Neighborhood Growth Determines Geometric Priors for Relational Representation Learning
This addresses the challenge of selecting appropriate geometric priors for representation learning in heterogeneous graphs, which is incremental as it builds on classical embeddability methods.
The paper tackles the problem of identifying suitable geometric spaces (Euclidean, Hyperbolic, or Spherical) for embedding heterogeneous relational data by analyzing nearest-neighbor structures and local neighborhood growth rates, and validates the method on benchmark datasets with comparisons to optimization-based approaches.

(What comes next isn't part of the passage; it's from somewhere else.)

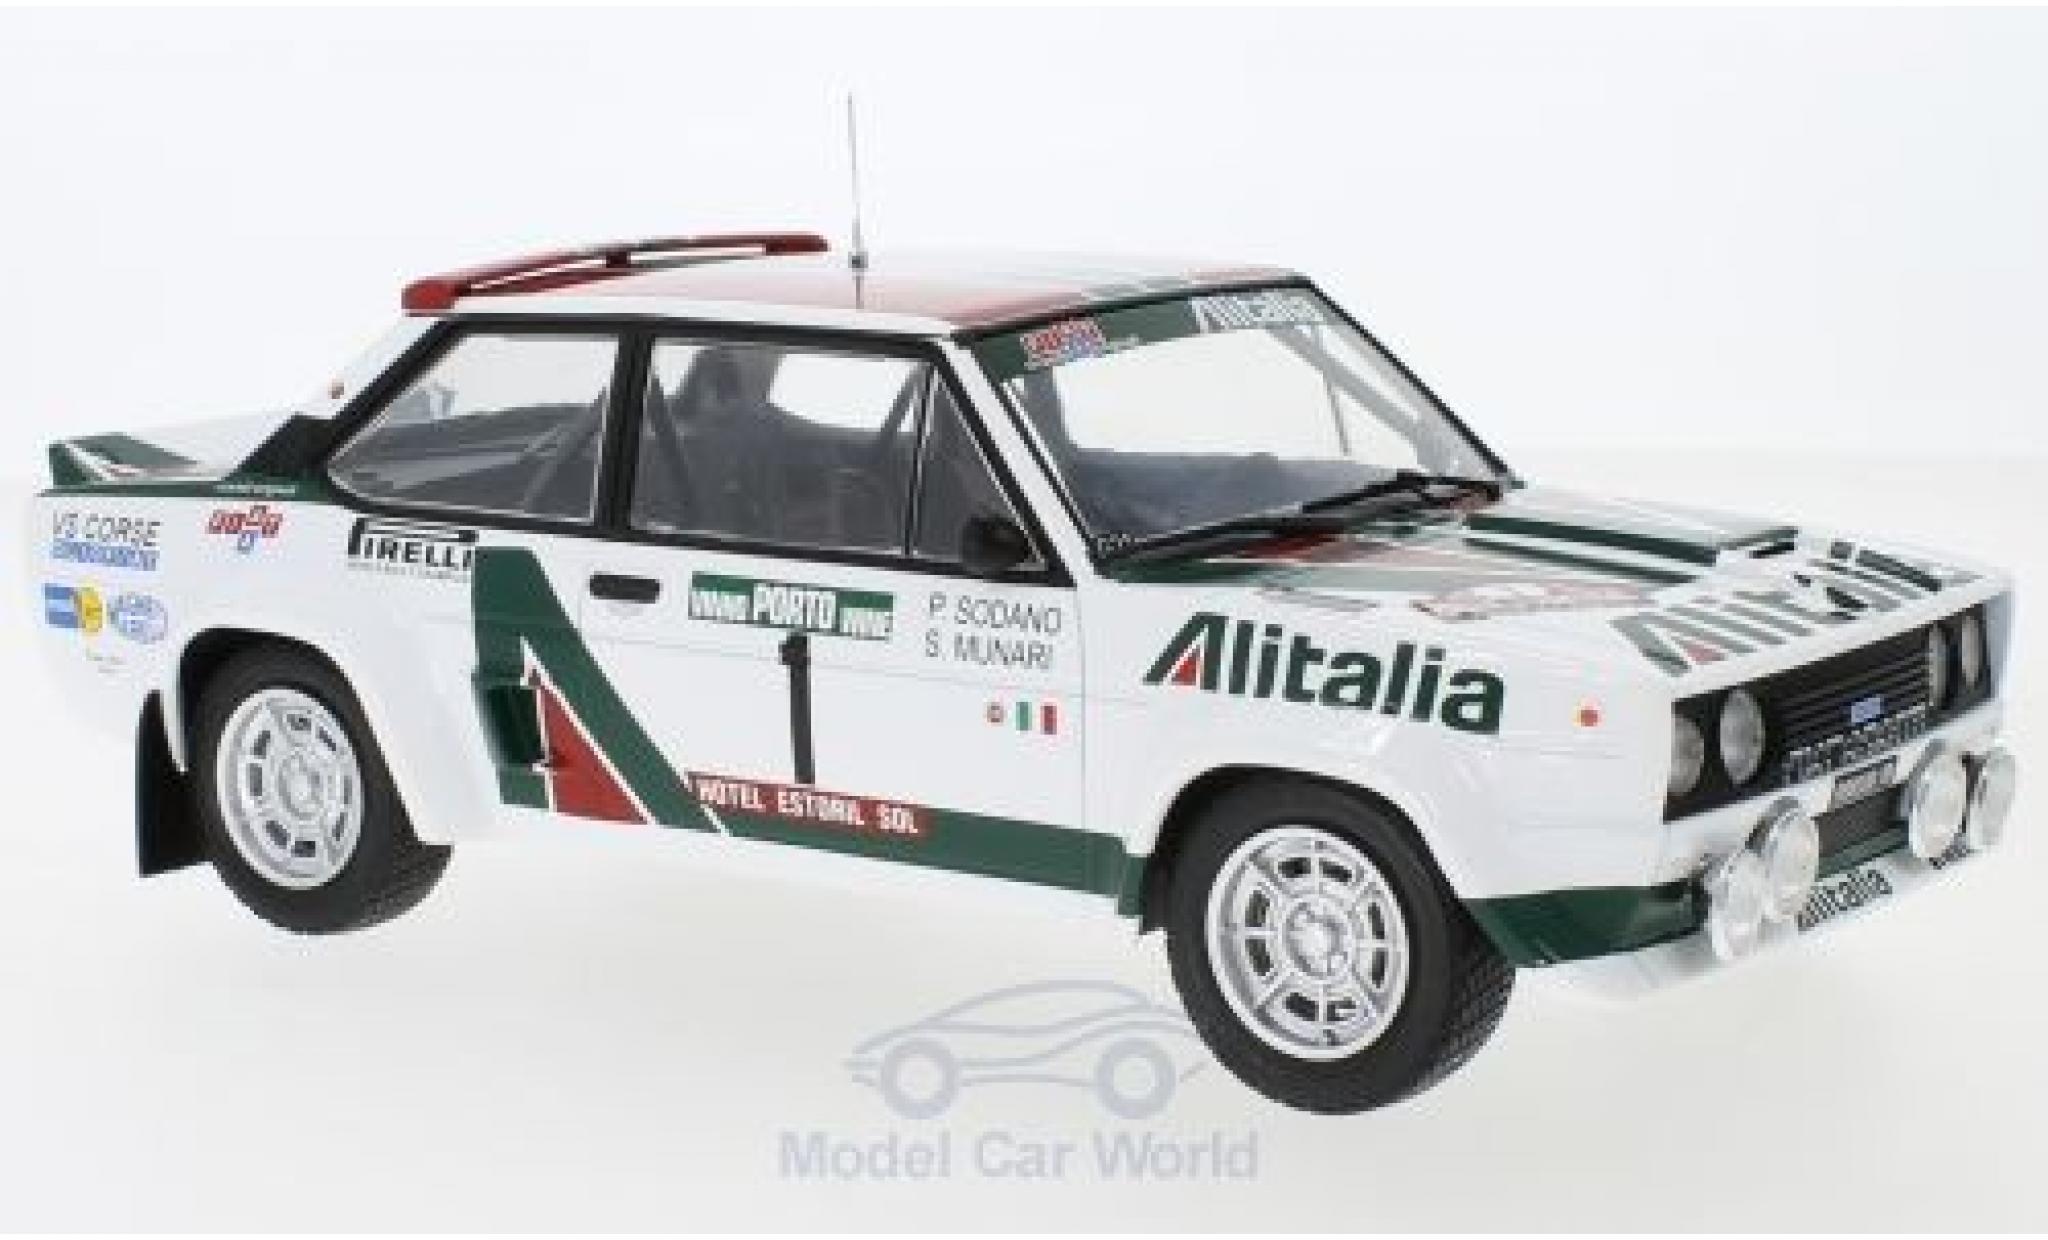 Fiat 131 1/18 IXO Abarth No.1 Alitalia Rallye WM Rallye Portugal 1978 S.Munari/P.Sodano
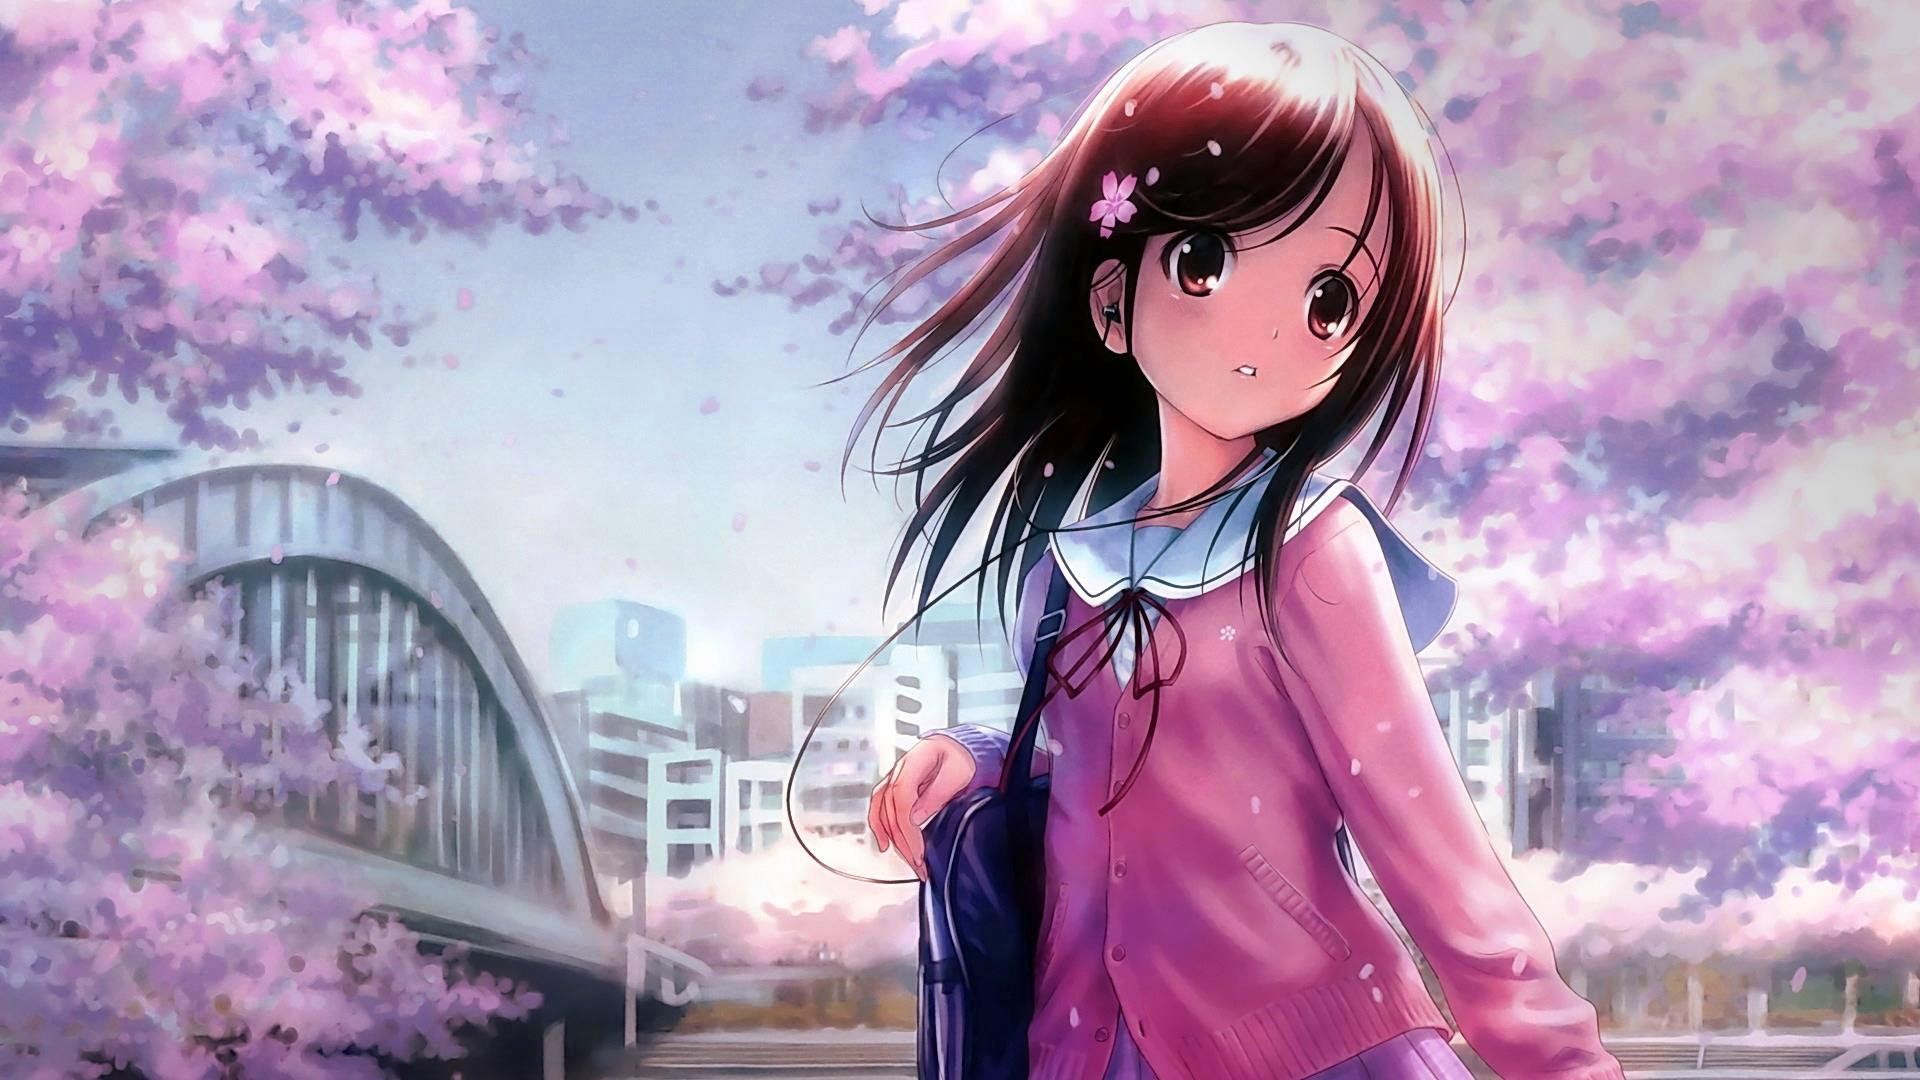 Japanese Girl Anime Wallpapers Top Free Japanese Girl Anime

The problem of identifying geometric structure in heterogeneous, high-dimensional data is a cornerstone of representation learning. While there exists a large body of literature on the embeddability of canonical graphs, such as lattices or trees, the heterogeneity of the relational data typically encountered in practice limits the applicability of these classical methods. In this paper, we propose a combinatorial approach to evaluating embeddability, i.e., to decide whether a data set is best represented in Euclidean, Hyperbolic or Spherical space. Our method analyzes nearest-neighbor structures and local neighborhood growth rates to identify the geometric priors of suitable embedding spaces. For canonical graphs, the algorithm's prediction provably matches classical results. As for large, heterogeneous graphs, we introduce an efficiently computable statistic that approximates the algorithm's decision rule. We validate our method over a range of benchmark data sets and compare with recently published optimization-based embeddability methods.